EXERCISE AIM: When the line containing "La punción y" appears in the entries below, begin printing there and stop after the line containing "Habitdesign 004586A - Mesa"; print each of those lines exactly and no other line.

━━━ RECORDS SUPPLIED

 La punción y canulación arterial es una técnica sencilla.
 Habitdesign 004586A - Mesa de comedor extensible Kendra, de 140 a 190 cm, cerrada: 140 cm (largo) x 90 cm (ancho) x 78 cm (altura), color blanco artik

━━━━━━
━━━ RECORDS SUPPLIED

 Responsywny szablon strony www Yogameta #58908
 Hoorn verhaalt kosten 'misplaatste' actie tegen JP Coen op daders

━━━━━━

PROBLEM SOLUTION:
 La punción y canulación arterial es una técnica sencilla.
 Habitdesign 004586A - Mesa de comedor extensible Kendra, de 140 a 190 cm, cerrada: 140 cm (largo) x 90 cm (ancho) x 78 cm (altura), color blanco artik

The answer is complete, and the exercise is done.